Super-plagues and other doomsday tools are possible with current technology. Effective countermeasures are not. Ergo, we need more intelligence, ASAP.

comment by rwallace · 2009-06-13T18:35:06.114Z · LW(p) · GW(p)

"More generally, intelligence isn't magical: if there's any way we can tell whether a change in an AGI represents a bug or an improvement, then there's an algorithm that an AI can run to do the same."

Except that we don't - can't - do it by pure armchair thought, which is what the recursive self-improvement proposal amounts to.

The approach of testing a new version in a sandbox had occurred to me, and I agree it is a very promising one for many things - but recursive self-improvement isn't among them! Consider, what's the primary capability for which version N+1 is being tested? Why, the ability to create version N+2... which involves testing N+2... which involves creating N+3... etc.

Replies from: orthonormal, Vladimir_Nesov
comment by orthonormal · 2009-06-13T19:33:20.624Z · LW(p) · GW(p)

Again, there's enough correlation between ability to perform certain tasks that you don't need an infinite recursion. To test AIv(N+1)'s ability to program to exact specification, instead of having it program AIv(N+2) have it instead program some other things that AIvN finds difficult (but whose solutions are within AIvN's power to verify). That we will be applying AIv(N+1)'s precision programming to itself doesn't mean we can't test it on non-recursive data first.

ETA: Of course, since we want the end result to be a superintelligence, AIvN might also ask AIv(N+1) for verifiable insight into an array of puzzling questions, some of which AIvN can't figure out but suspects are tractable with increased intelligence.

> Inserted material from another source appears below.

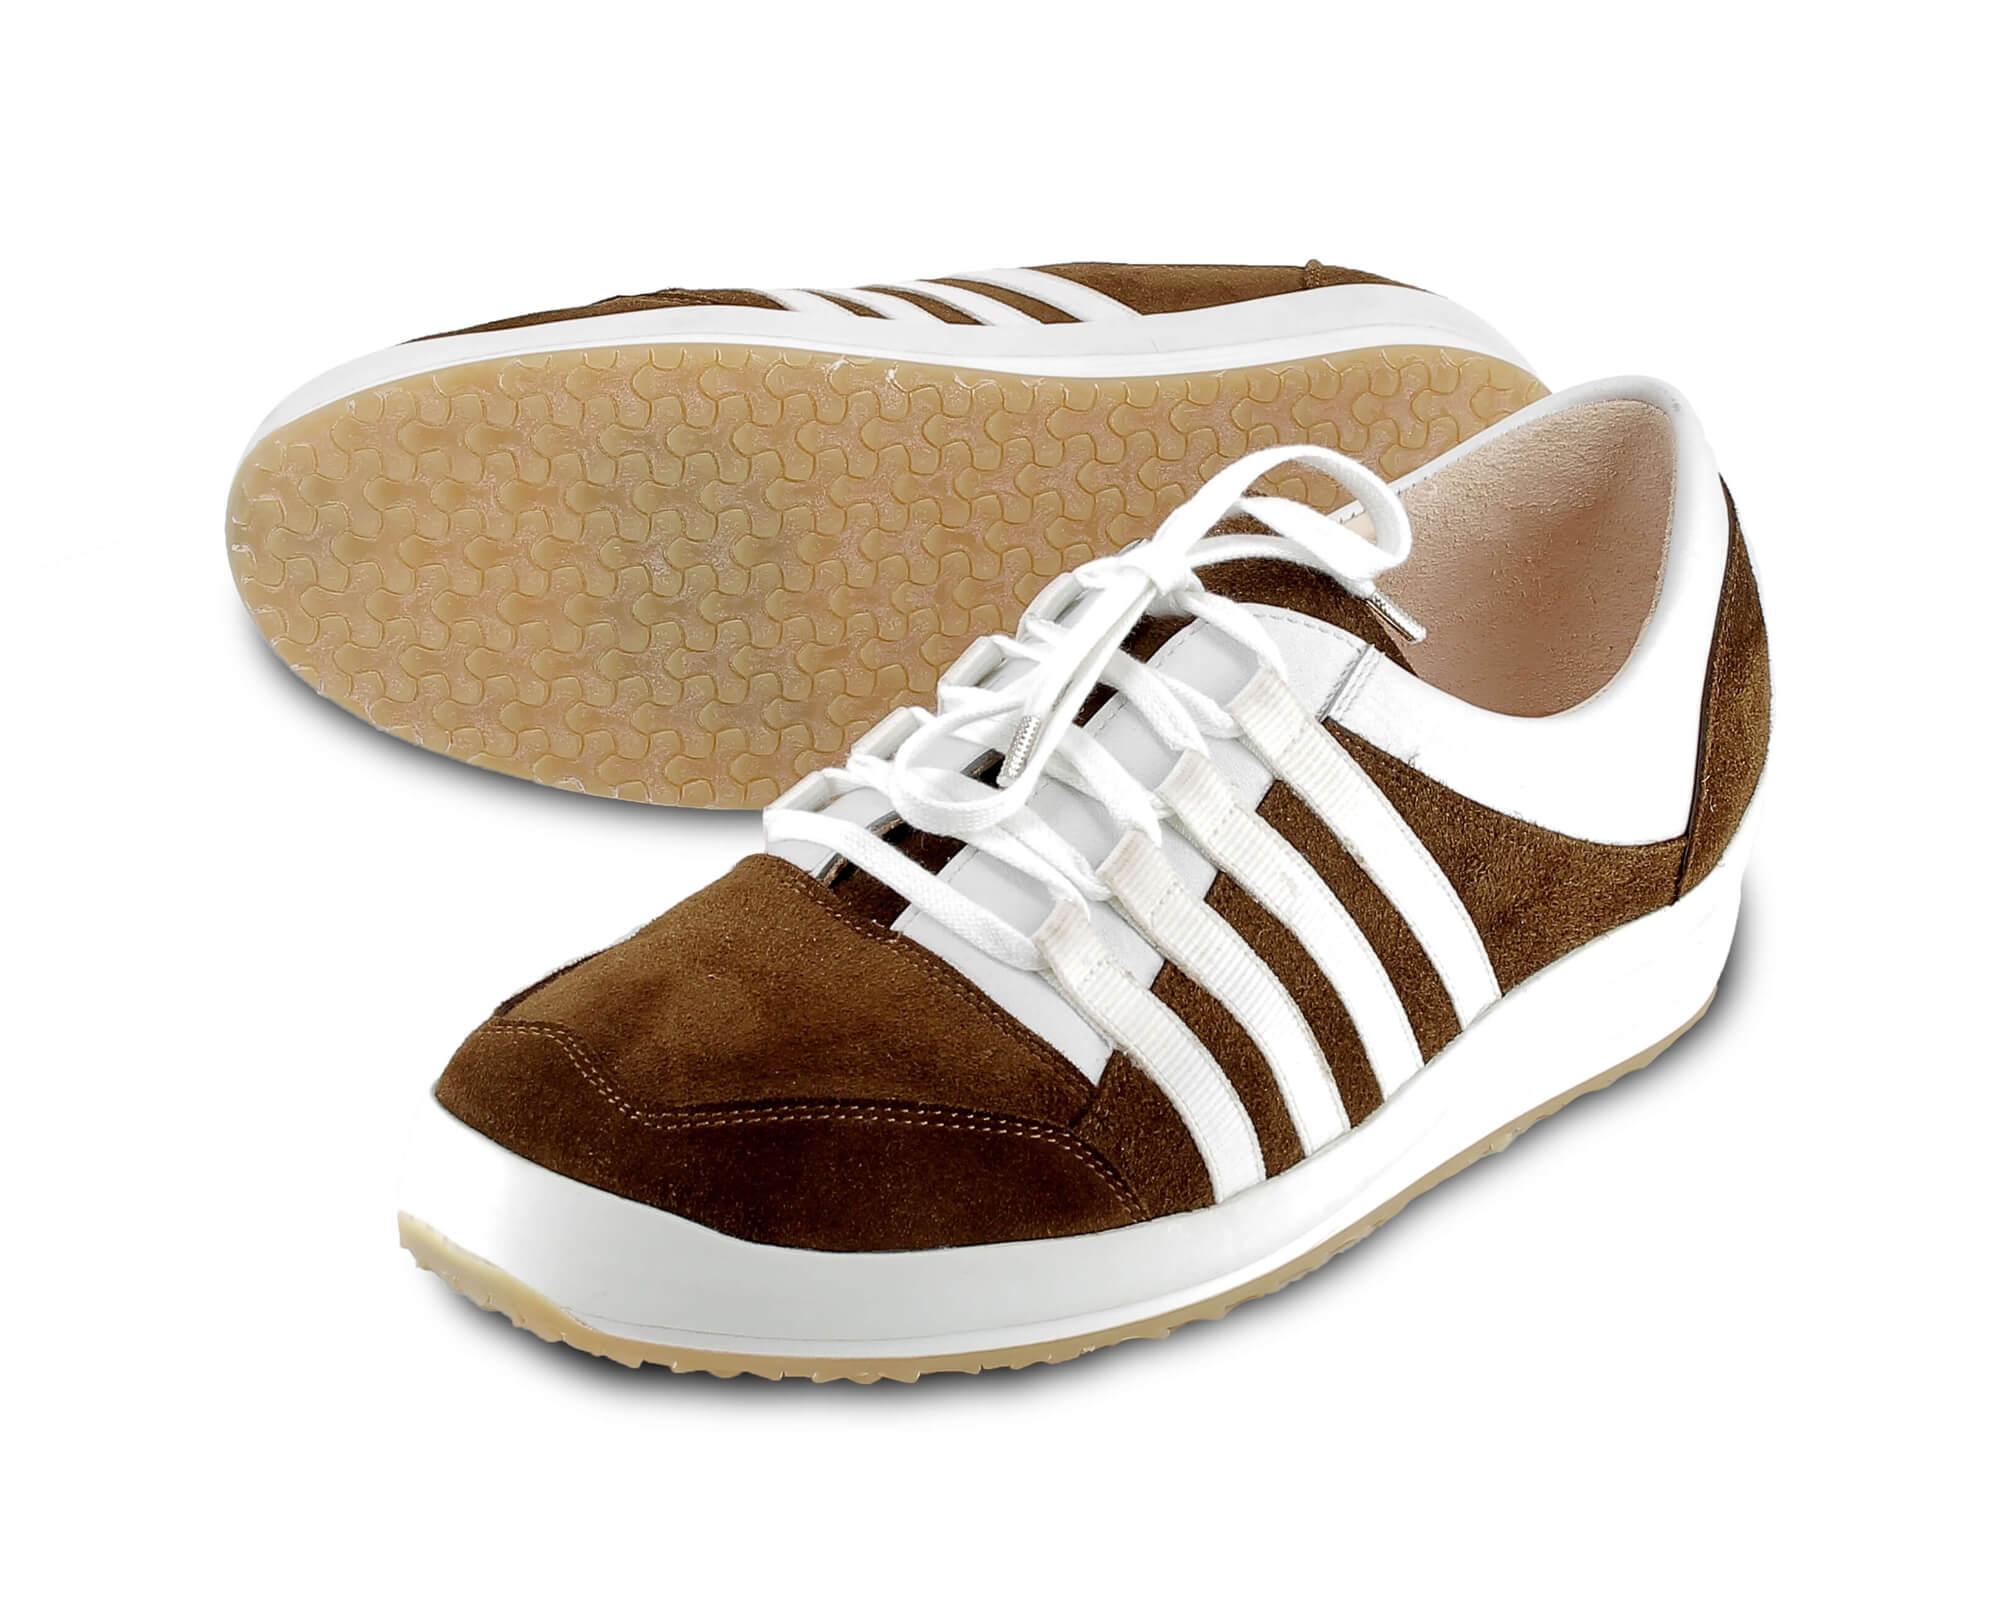 Maßschuh-Sneaker-flach-braun-weiß
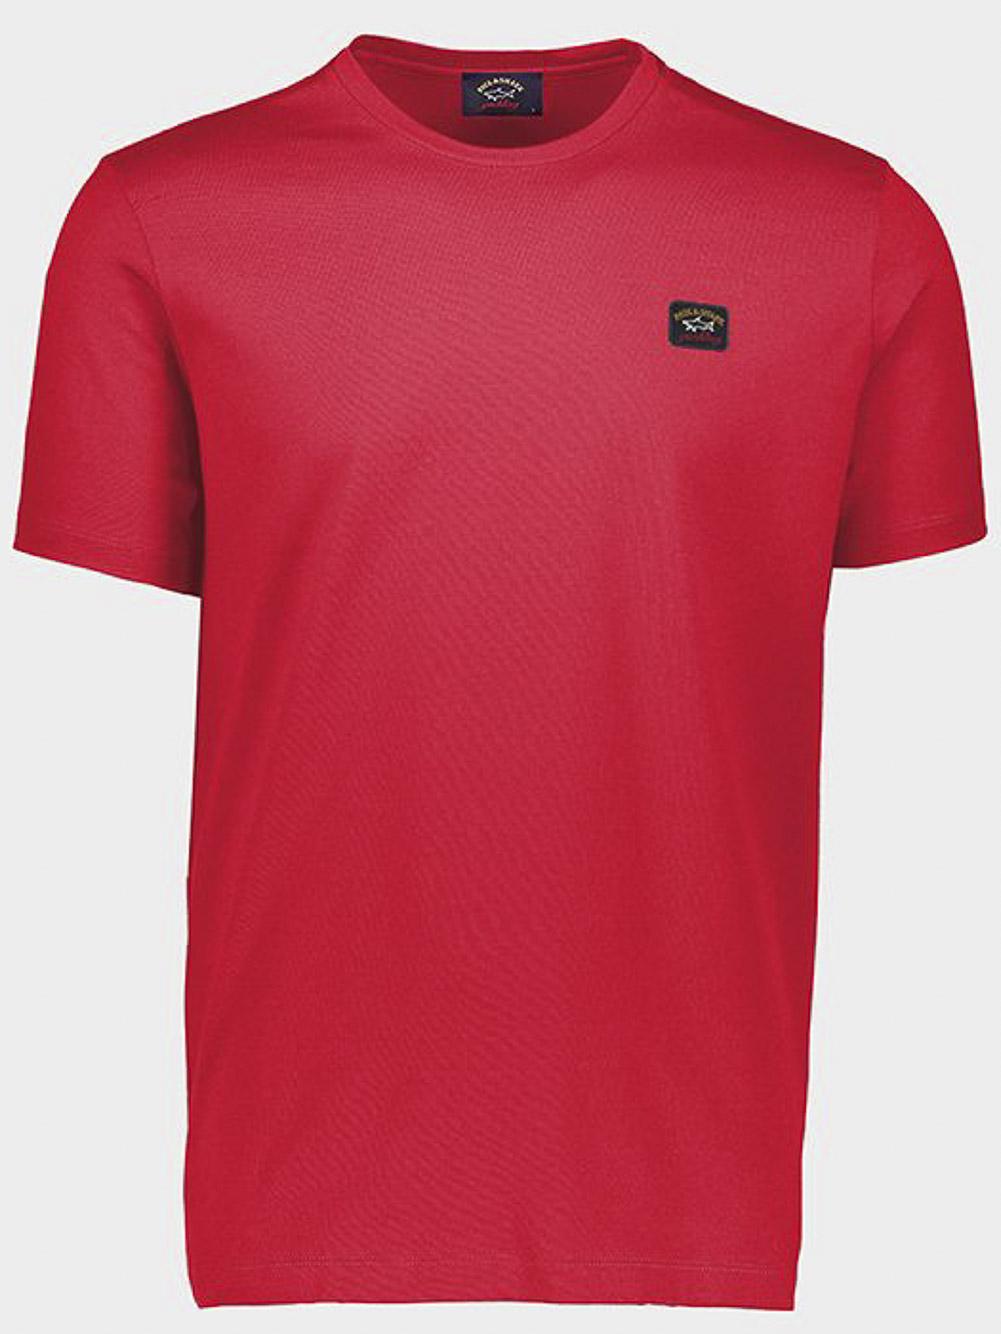 PAUL & SHARK Μπλούζα T-Shirt COP1002-356 ΚΟΡΑΛΙ

comment by Vladimir_Nesov · 2009-06-13T19:09:44.836Z · LW(p) · GW(p)

If you observed something to work 15 times, how do you know that it'll work 16th time? You obtain a model of increasing precision with each test, that lets you predict what happens next, on a test you haven't performed yet. The same way, you can try to predict what happens on the first try, before any observations took place.

Another point is that testing can be a part of the final product: instead of building a working gizmo, you build a generic self-testing adaptive gizmo that finds the right parameters itself, and that is pre-designed to do that in the most optimal way.

comment by asciilifeform · 2009-06-14T03:41:49.501Z · LW(p) · GW(p)

EURISKO accomplished it in fits and starts

Where is the evidence that EURISKO ever accomplished anything? No one but the author has seen the source code.

comment by loqi · 2009-06-13T17:32:51.958Z · LW(p) · GW(p)

On the subject of self-improving AI, you say:

Unfortunately there are three fundamental problems, any one of which would suffice to make this approach unworkable even in principle.

Keep the bolded context in mind.

What constitutes an improvement is not merely a property of the program, but also a property of the world. Even if an AI program could find improvements, it could not distinguish them from bugs.

There are large classes of problem for which this is not the case. For example, "make accurate predictions about future sensory data based on past sensory data" relates program to world, but optimizing for this task is a property of the time, memory, and accuracy trade-offs involved. At the very least, your objection fails to apply "even in principle".

Any significant AI program is the best effort of one or more highly skilled human programmers. To qualitatively improve on that work, the program would have to be at least as smart as the humans, so even if recursive self-improvement were workable, which it isn't, it would be irrelevant until after human level intelligence is reached by other means.

This depends on the definition of "qualitatively improve". It seems Eurisko improved itself in important ways that Lenat couldn't have done by hand, so I think this too fails the "even in principle" test.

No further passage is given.